The Chicago Board Options Exchange’s CBOE Volatility Index, the market’s so-called fear gauge, jumped by more than 4.5 percent as jittery investors tried to game out the ripple effects of the invasion.
As President Joe Biden addressed the nation, the Dow Jones was down roughly 500 points, a 1.5 percent drop. The broad-based S&P 500 was down roughly 20 points or about 0.5 percent. The Nasdaq moved in the opposite direction, climbing 124 points.
The markets broadly rebounded at the close of the trading day with the Dow Jones Industrial Average, the S&P 500 and the Nasdaq all settling in positive territory.

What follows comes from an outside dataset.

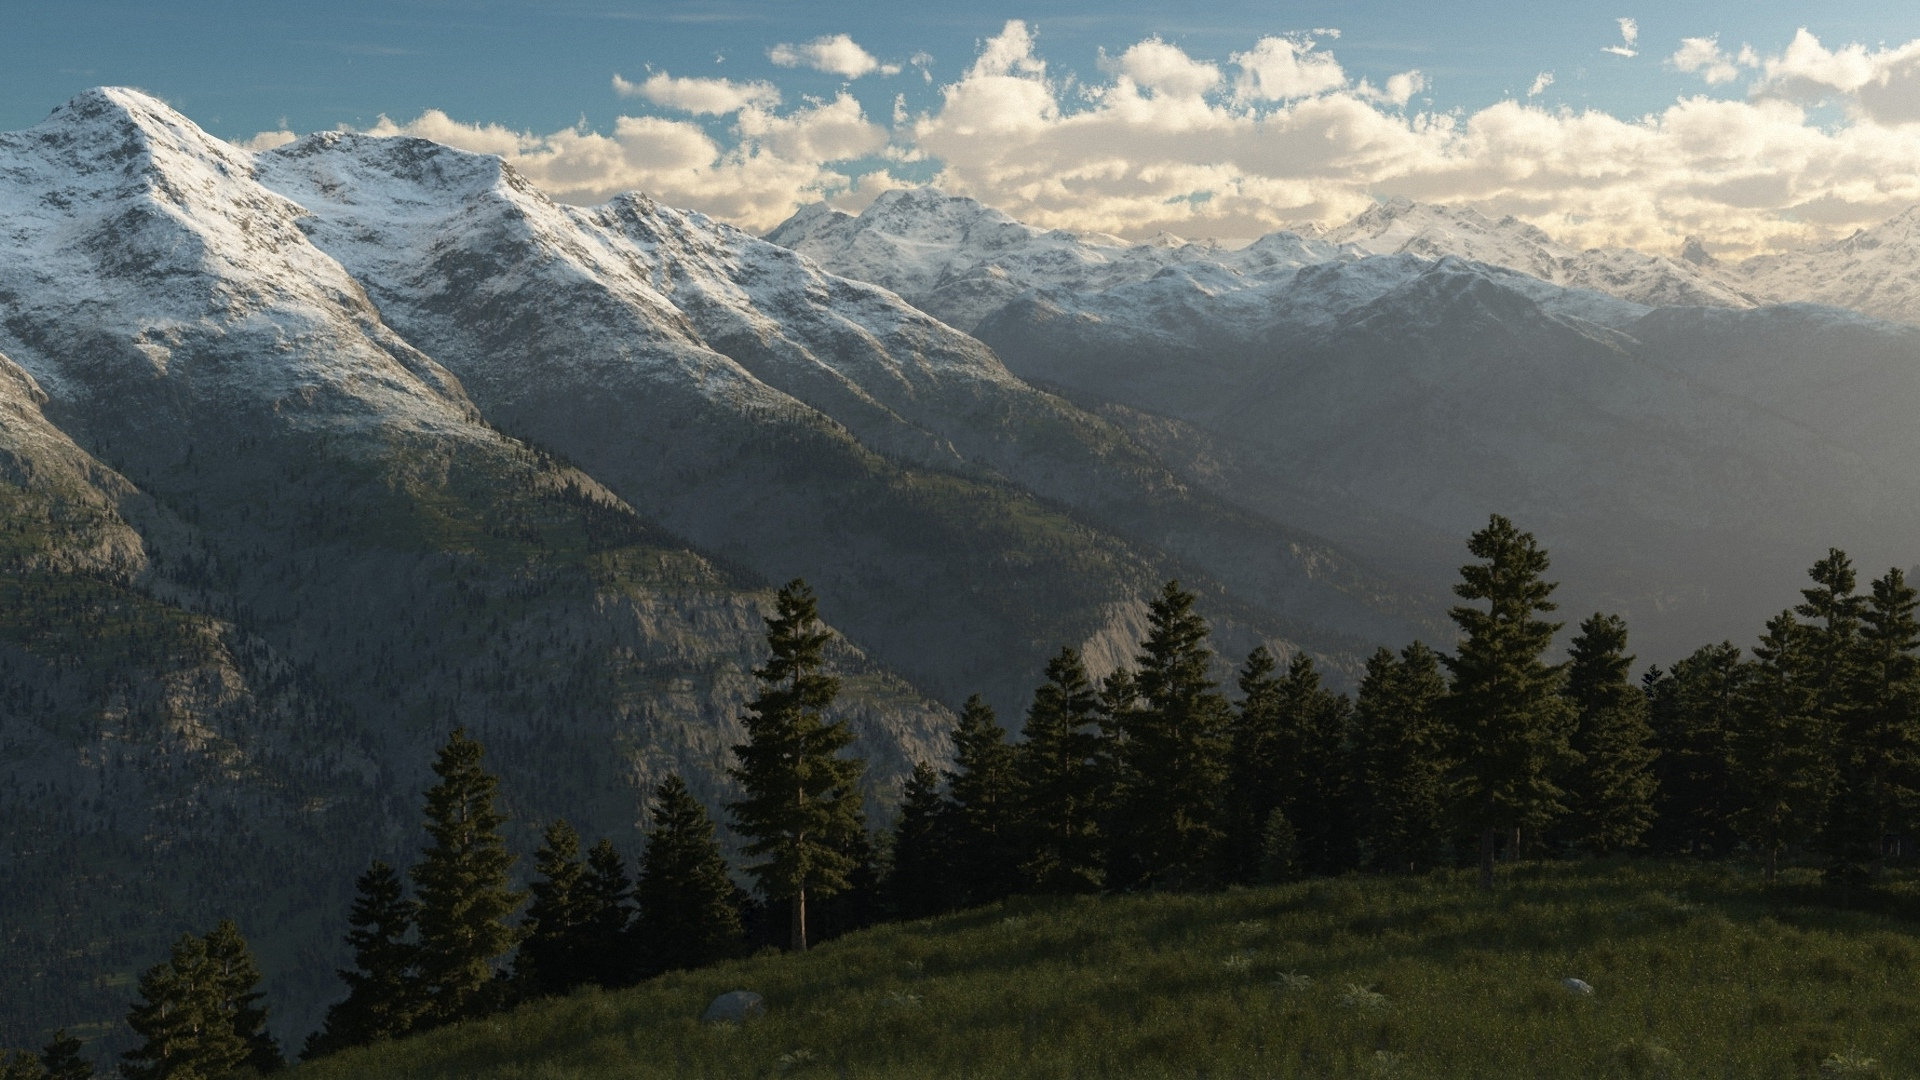 Wonderful Wallpaper Mountain Art - Trees-Landscape-Ridge-Hill-Art-Peaks-Wallpaper-1920x1080  Photograph_4866.jpg

“Nobody knows for sure how all-encompassing this is going to be,” said Sam Stovall, the chief investment strategist at CFRA Research.
The Nasdaq was the outlier among the three major indices, recovering from a morning plunge that dropped the tech-heavy index into bear market territory, off 20 percent from its November high, before a bounce that brought it roughly flat.
Full coverage: See the latest NBC News coverage of the Russia's invasion of Ukraine
Analysts said this suggests traders were assuming the combination of economic volatility and an energy price shock could be enough to persuade Federal Reserve officials to be less aggressive with interest rate hikes, since lower borrowing costs have a more significant impact on fast-growing companies that rely on debt to expand.
In trying to balance rising inflation and more expensive energy, the central bank has little margin for error, Ross Mayfield, an investment strategy analyst at Baird, said. “If this is an event that could really hinder economic growth, they actually may be less aggressive in tightening,” he said. “This probably could not have happened at a worse time for the Federal Reserve.”
Bond yields — which move inversely to stock prices — sank and metals prices jumped as investors sought safe havens. Oil, which already was elevated, rose further, with the benchmark Brent price jumping over $100 a barrel. Mayfield said that energy companies would be among the few sectors benefiting from the upheaval so long as both prices and demand for oil and gas remained high.
While negative sentiment weighed across most other sectors, analysts said those that tend to incur high energy costs, such as travel and transportation, are likely to be hit the hardest as a result of the jump in oil prices. Consumer discretionary brands are also exposed, since the fairly quick pass-through of oil prices to gasoline could crimp consumer spending as Americans pay more to fill up their vehicles.
“Higher energy prices impact consumer discretionary spending. The consumer is pretty strong, but at some point, that begins to be tested,” Mayfield said.
Market observers said that while a whipsawing Wall Street could spook small investors into selling, doing so would be a mistake.
“Historically, this type of thing in terms of market sell-offs and recoveries is fairly brief,” said Dan North, a senior economist at Euler Hermes North America. Since World War II, he said, the average sell-off cycle has lasted about 15 days, with a roughly similar time frame for recovery. “It’s going to feel bad … but it won’t last that long,” he predicted.
Stovall concurred, saying that investors should focus on long-term goals like saving for retirement without responding to short-term volatility. “Historically, military surprises have thrown the market for a tailspin in the short term, but have proven themselves to be more frequent reasons to buy than bail,” he said. “Don’t allow your emotions to become your portfolio’s worst enemy.”